● **EXERCISE PROMPT**
Your copy of the data should match it exactly, except that the pictures are gone.

● **RECORDED INFORMATION**
※
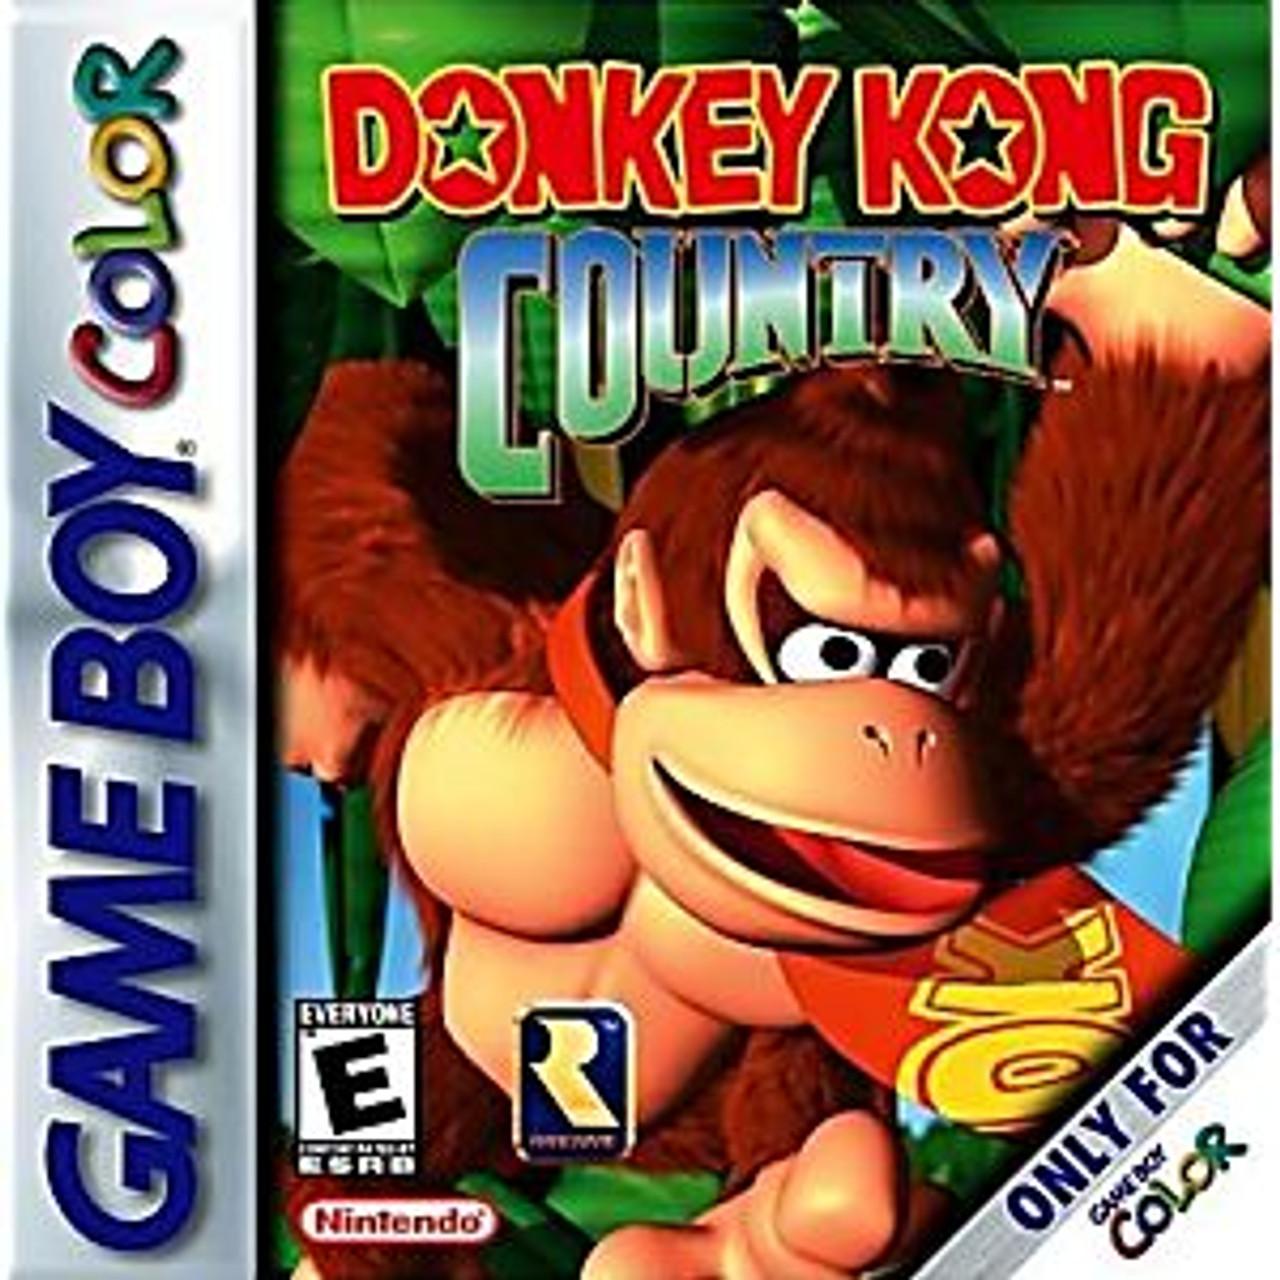 DONKEY KONG COUNTRY [E]
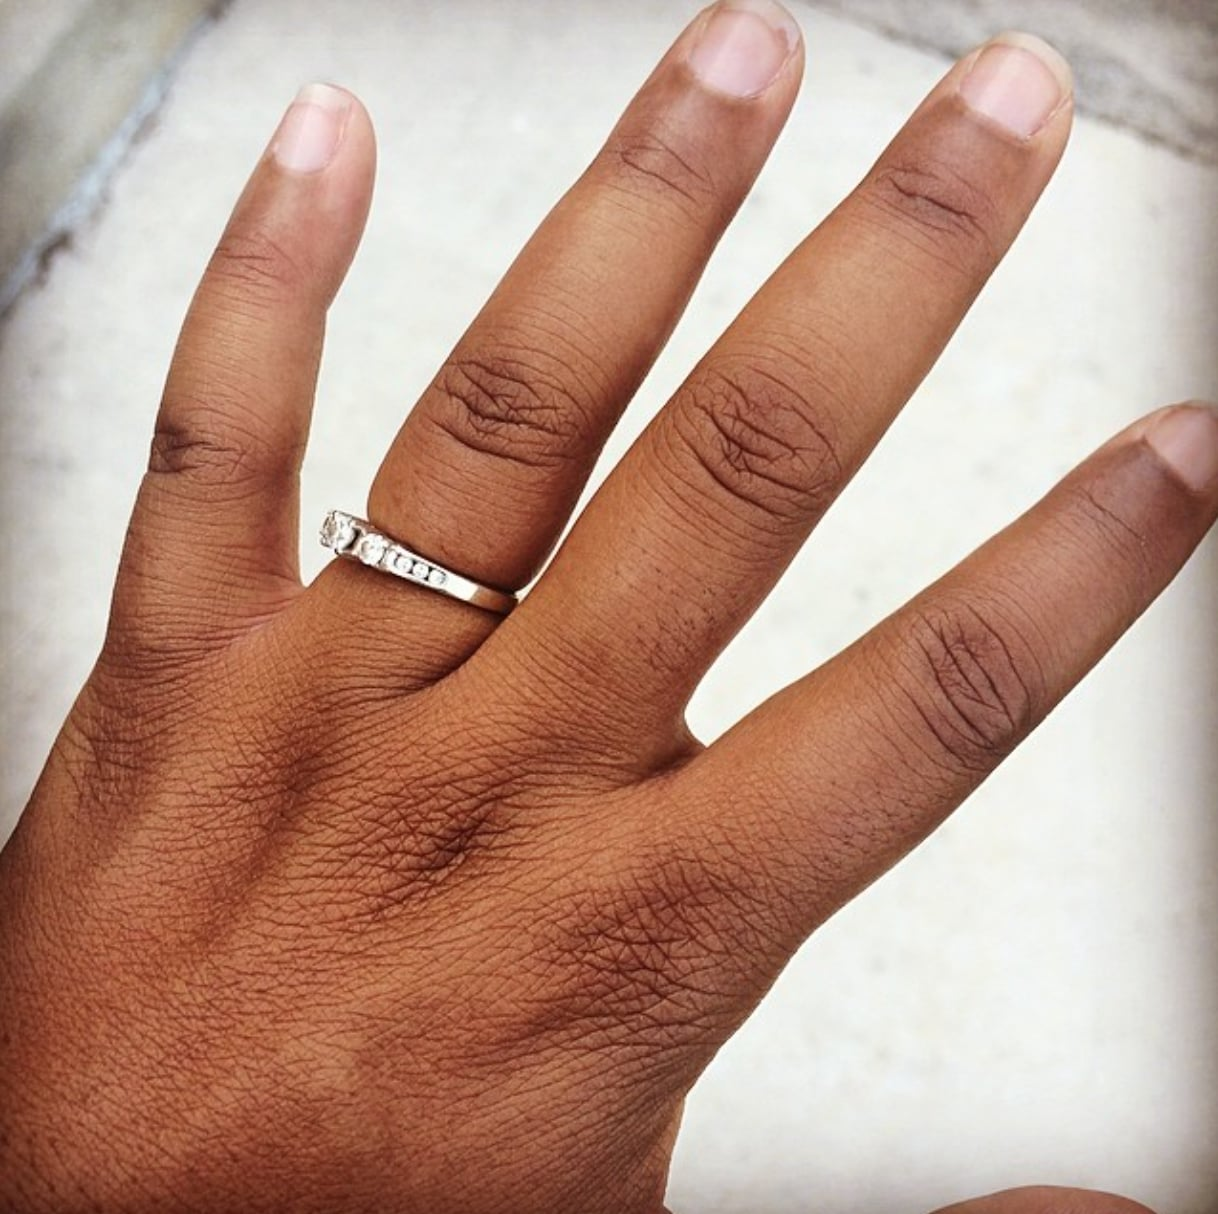 Pregnancy Fingers
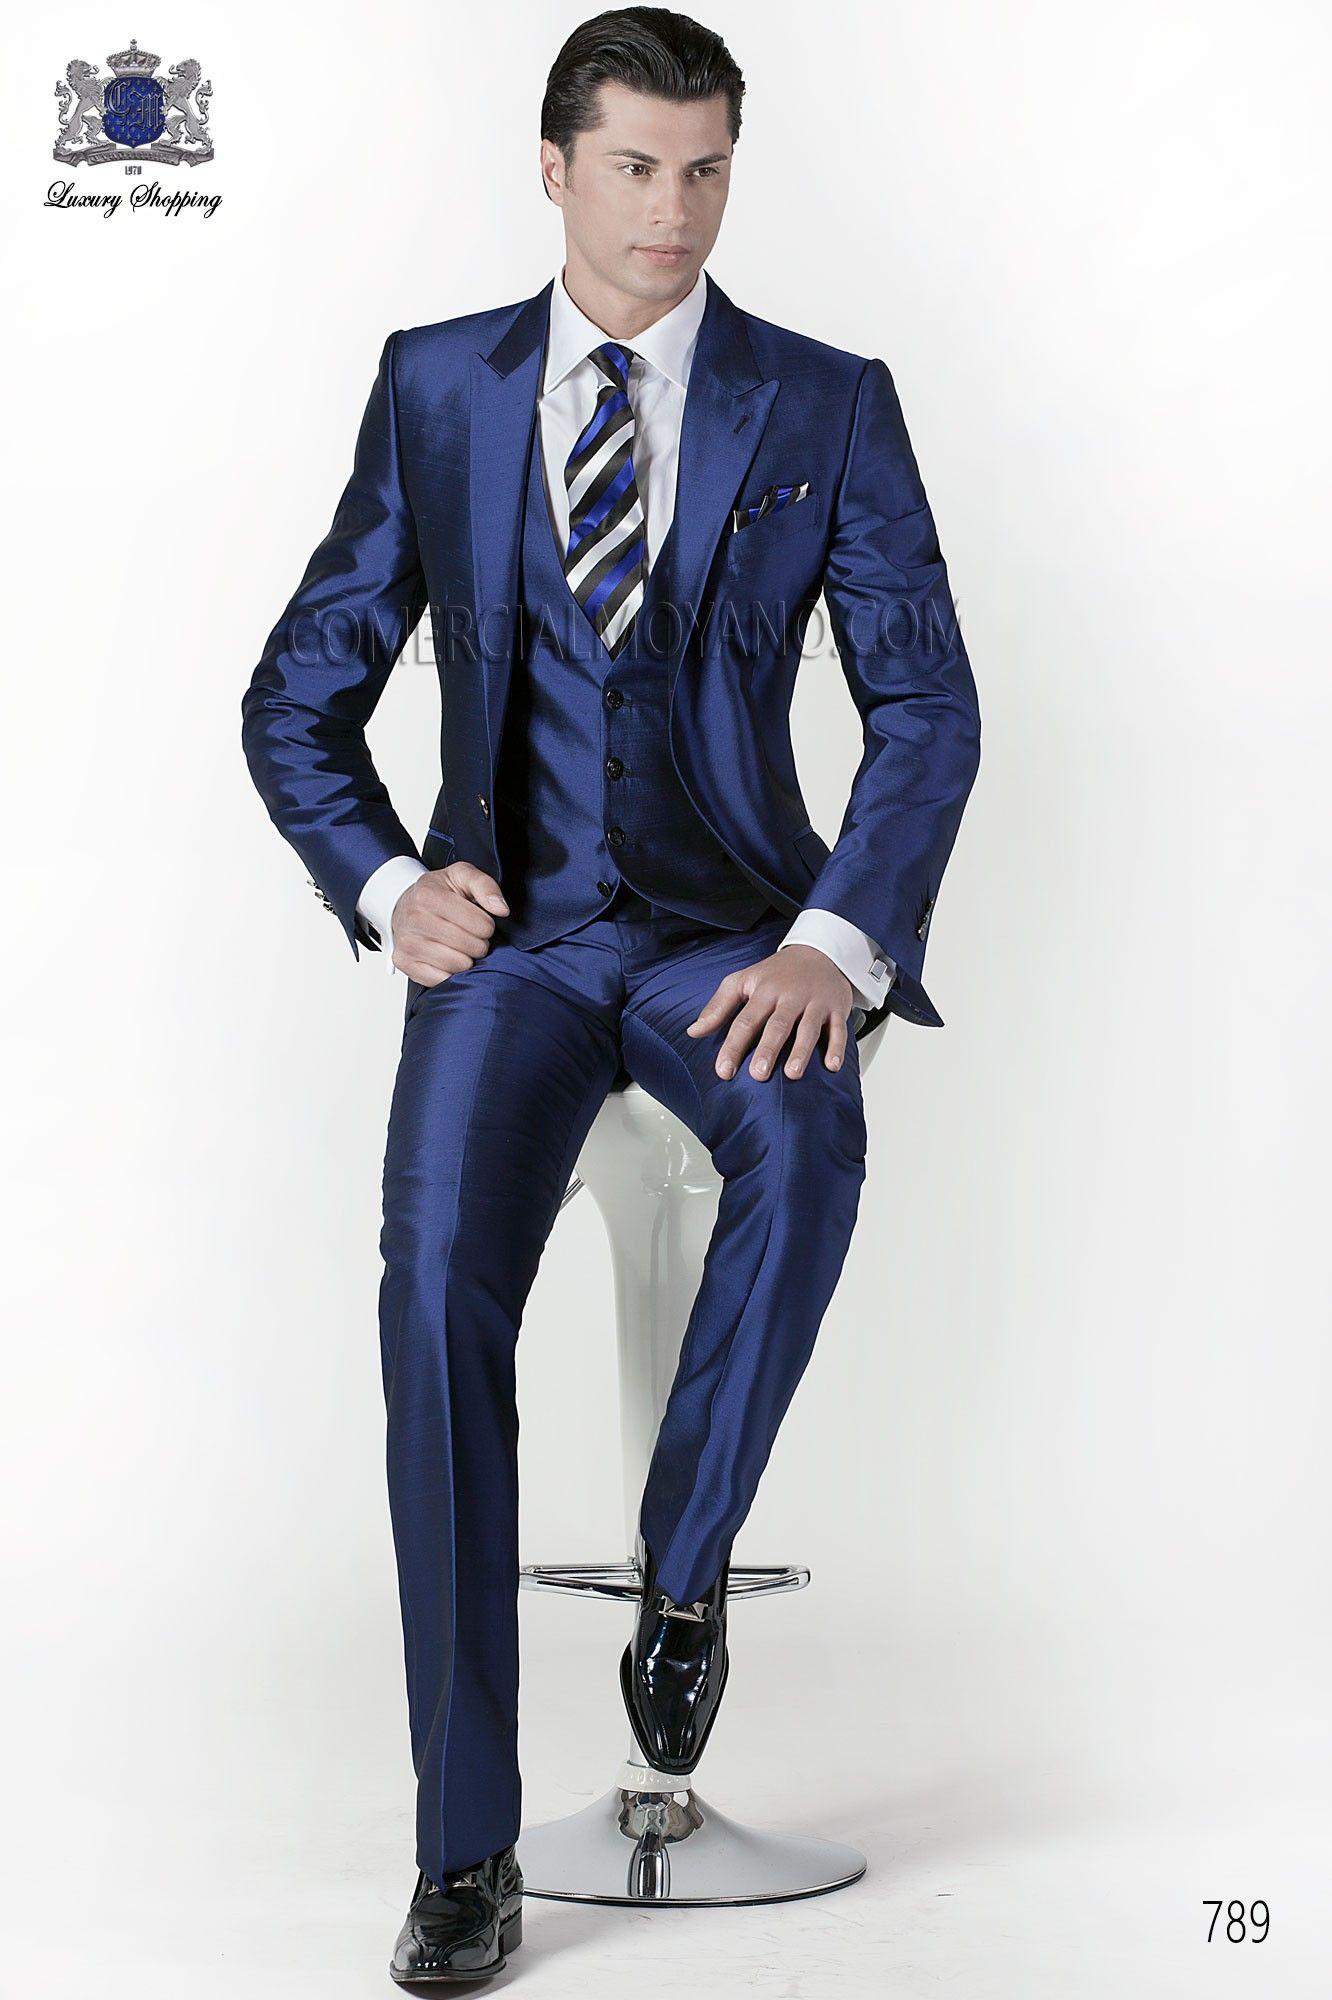 563b695cb07 Traje de novio italiano a medida azul 3 piezas
※
● **REPLY TO THE TASK**
 DONKEY KONG COUNTRY [E]
 Pregnancy Fingers
 563b695cb07 Traje de novio italiano a medida azul 3 piezas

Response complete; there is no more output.